Bananas vs FUSARIUM wilt: the fight for existence

By Sara Azeem, Assistant Editor of GLOBUS

“Yes, we have no bananas
We have-a no bananas today.
We’ve string beans, and onions
Cabbages, and scallions,
And all sorts of fruit and say
We have an old fashioned to-mah-to
A Long Island po-tah-to
But yes, we have no bananas.
We have no bananas today.”

“Yes, We Have No Bananas”, composed by Frank Silver and Irving Cohn was a major hit in the United States in 1923. The lyrics, however, tell the true story of a period of utter chaos in the global banana market: when the Gros Michel variety of bananas was beginning to be wiped out by a deadly fungal disease. Fusarium wilt, or more commonly known as the Panama disease, tore through plantations worldwide, completely eradicating the Gros Michel by the 1960’s. First the leaves of the banana trees stopped growing. Then they started to curl and wilt. Eventually the trees dried out completely and died. The plants died because the channels that carry water and minerals from the roots to the leaves became blocked. Initially, it was assumed that the fungus clogs the vascular system, but it is now known that the plant itself does this, presumably in an act of self-defense. But fortunately for us, there existed another variety of banana – the Cavendish. Smaller, and not as sweet, but which proved to be immune to the fungus. Since then, the Cavendish banana has dominated the global banana market. 

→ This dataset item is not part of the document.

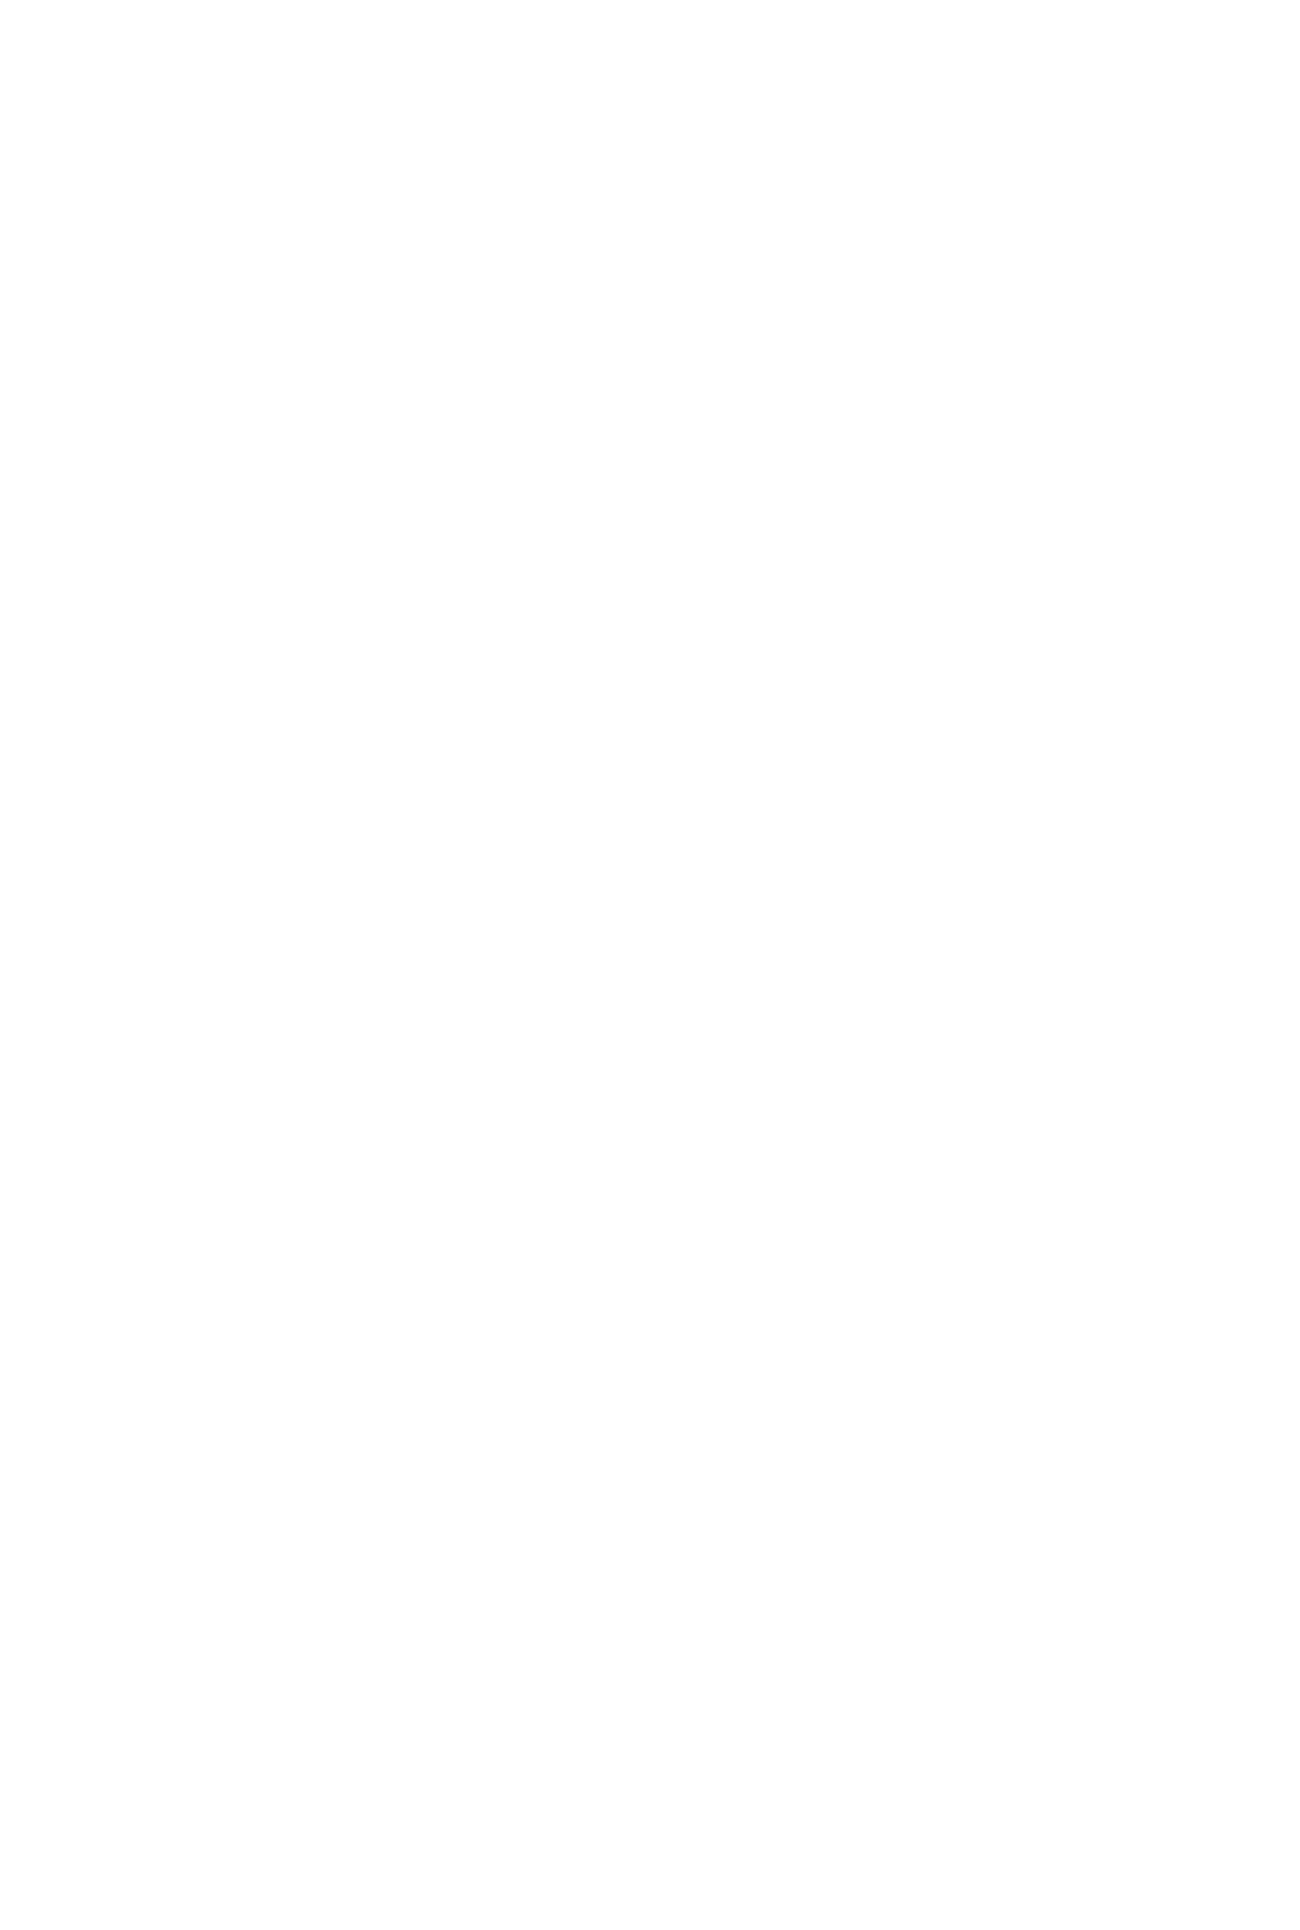 Schmetterlinge- Body Mind Spirit School Designelement

Bananas are the most consumed and exported fruit in the world. In the UK, more than five billion bananas are eaten every year, and every single one of them is a Cavendish. According to the Food and Agriculture Organisation of the United Nations, the Cavendish banana accounts for 50% of global food production, while constituting almost 99% of the global export market, and is worth more than $13.6 billion (£10.6 billion). 

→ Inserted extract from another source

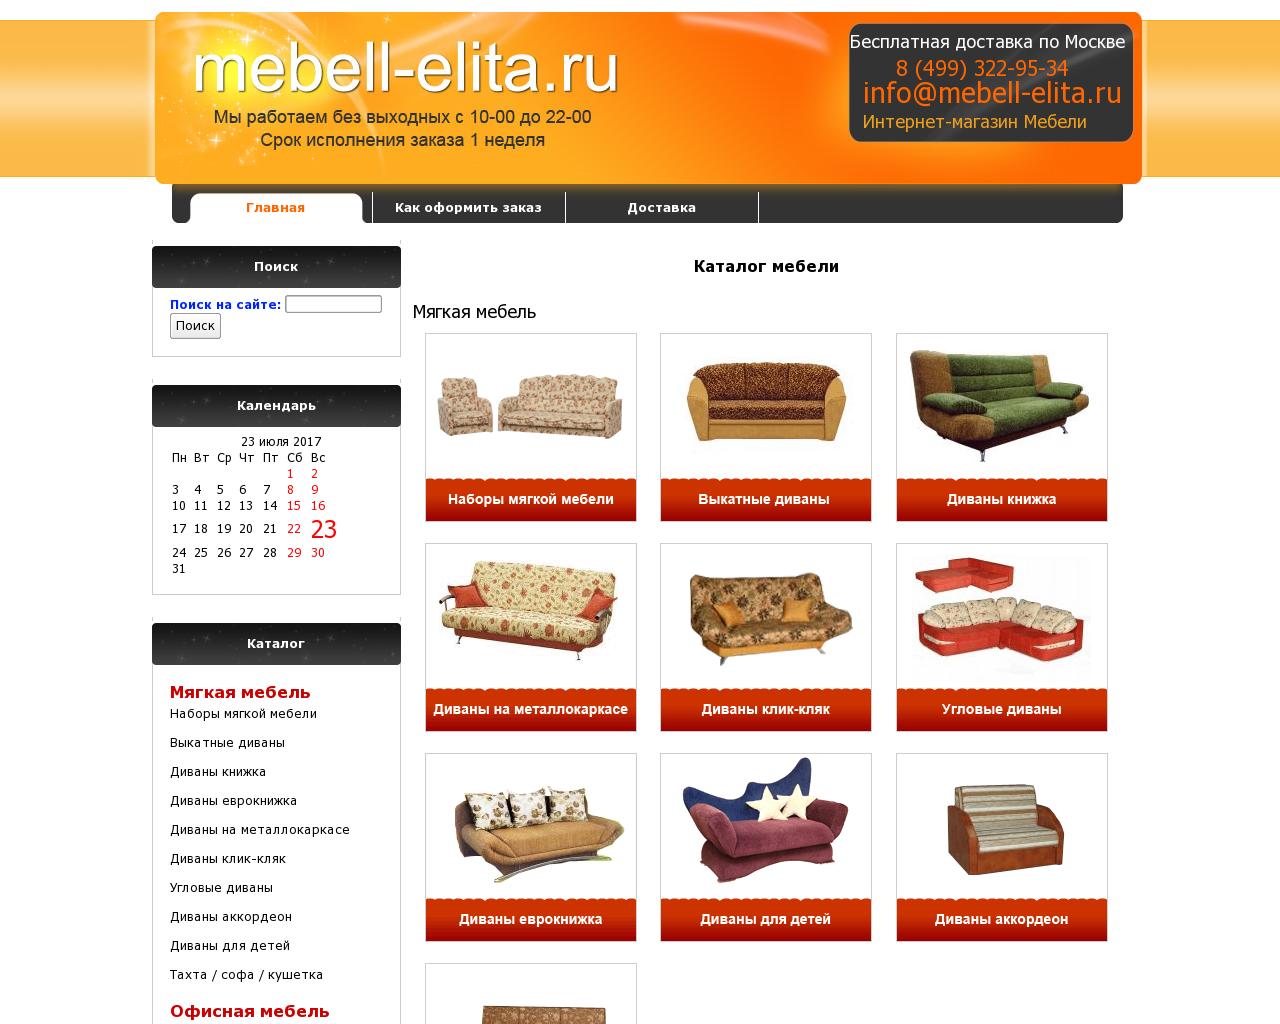 Изображение сайта mebell-elita.ru в разрешении 1280x1024

But now, the Fusarium fungus is back, and stronger than ever. The Tropical Race 4 (TR4) strain has overcome the resistance of the Cavendish and is now threatening to wipe out bananas as we know them. The new strain originated in Indonesia, then spread to Taiwan, where it had devastating effects, before moving onto China and the rest of Southeast Asia. Taiwan now exports a mere two percent of what it did in the late 1960s. The lethal fungus has also leapt to Pakistan, Lebanon, Jordan, Oman, Mozambique, and Australia’s northeast Queensland. South American countries are among the largest exporters of bananas to the European market, and so major efforts were taken to prevent the spread of the disease to those regions. Unfortunately, in August 2019, authorities in Colombia declared a national emergency after confirming TR4 had reached Latin America and closed four plantations in northern Colombia. Ecuador, Colombia, Costa Rica, and Guatemala are now on high alert. But only 15 % of global production are accounted for by exports, the rest are grown for domestic consumption by smallholder farmers in Asia and Africa where they are a staple crop. One can imagine the dire impact of the disease on food security and livelihoods in these regions. 

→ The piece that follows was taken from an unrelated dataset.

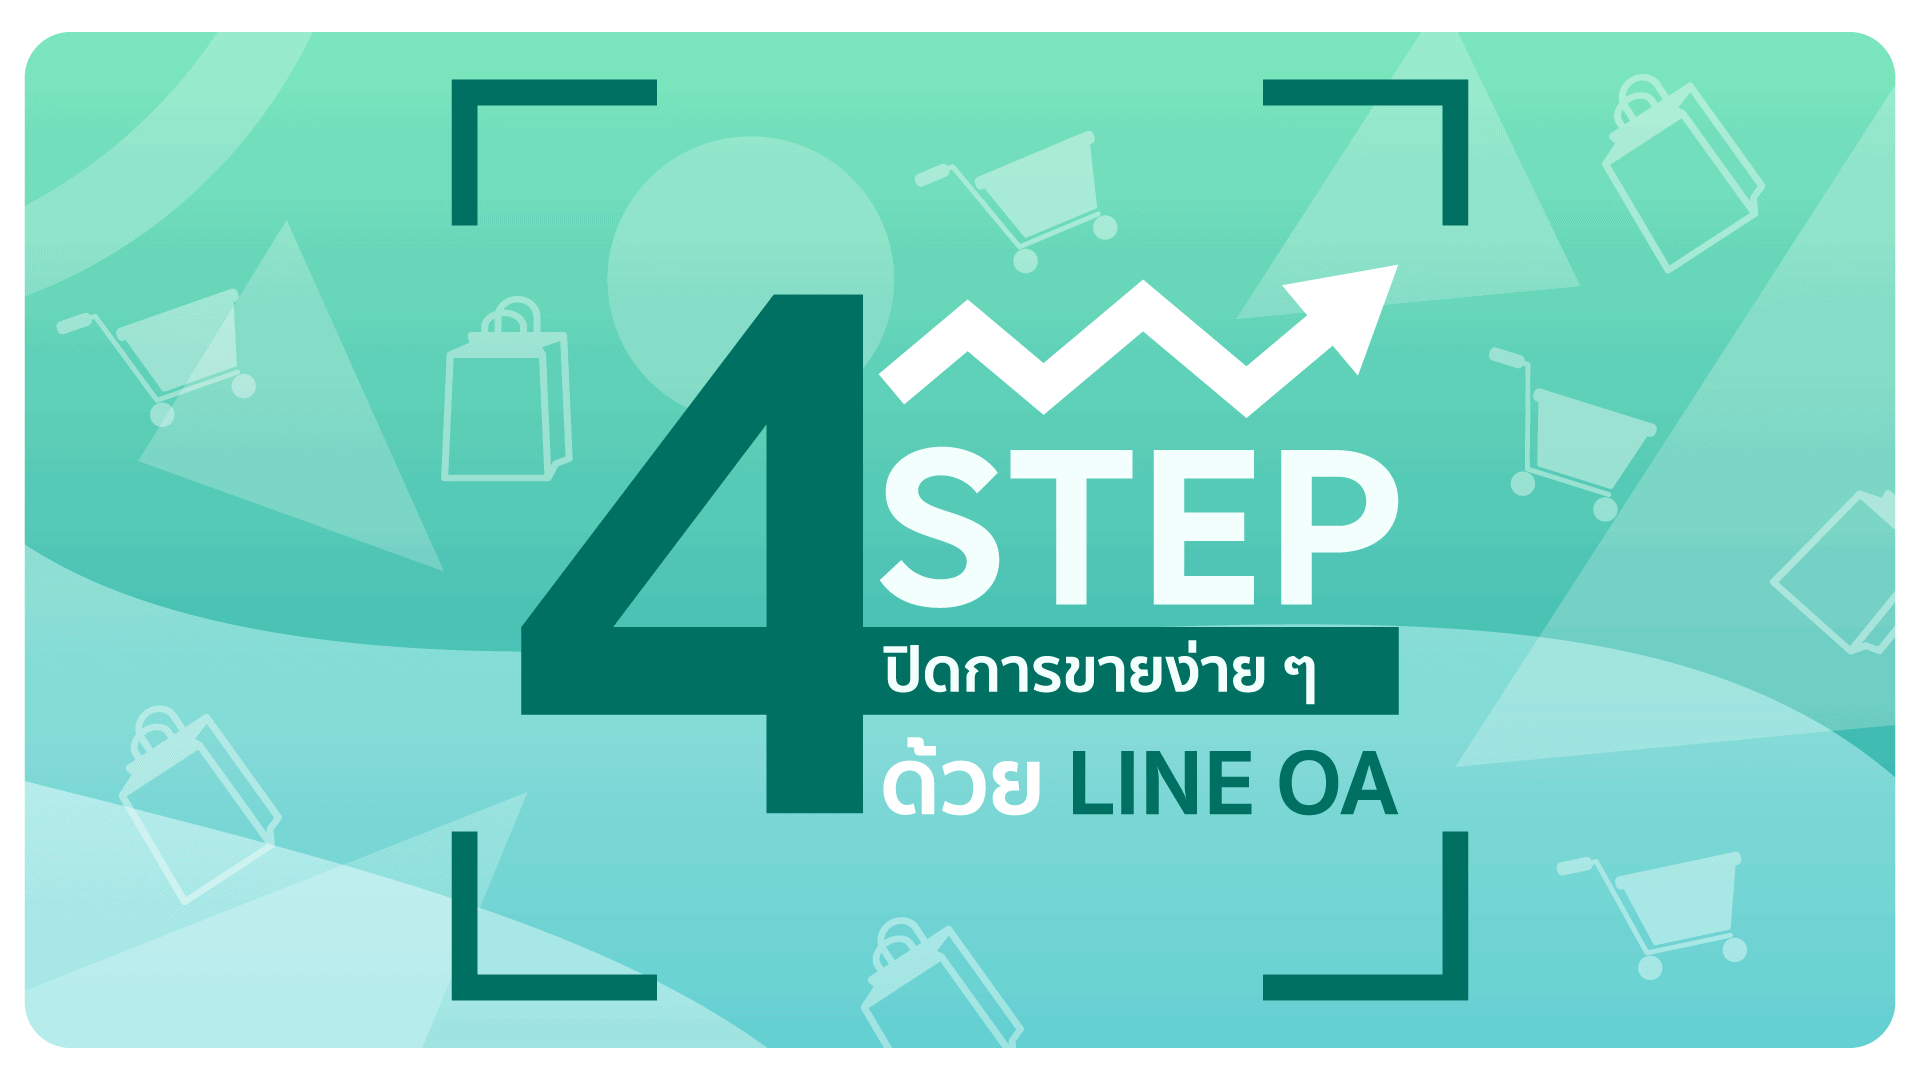 4 Step ปิดการขายง่าย ๆ ด้วย LINE OA 

Bananas are clones, which has enabled them to be produced commercially on large scales using the monoculture model. But this very property also makes them extremely susceptible to spreading infection; all it takes is for one plant to get infected to destroy the entire plantation. Once a tree is infected, there is no way to salvage production. The plantation must be abandoned. To make matters worse, the fungus produces spores which remain in the soil for decades, rendering the land unusable for non-resistant crops. Another important genetic characteristic of bananas is that they are sterile and thus, waiting for evolution to do its thing through natural selection is not an option. Quarantining and exclusion are the mostly widely used methods to deal with the epidemic but despite strict measures, the disease can easily be transmitted from contaminated soil on boots or via an infected plant. And with increasing extreme weather events, containment is not very effective as the spores can just be carried by wind and water.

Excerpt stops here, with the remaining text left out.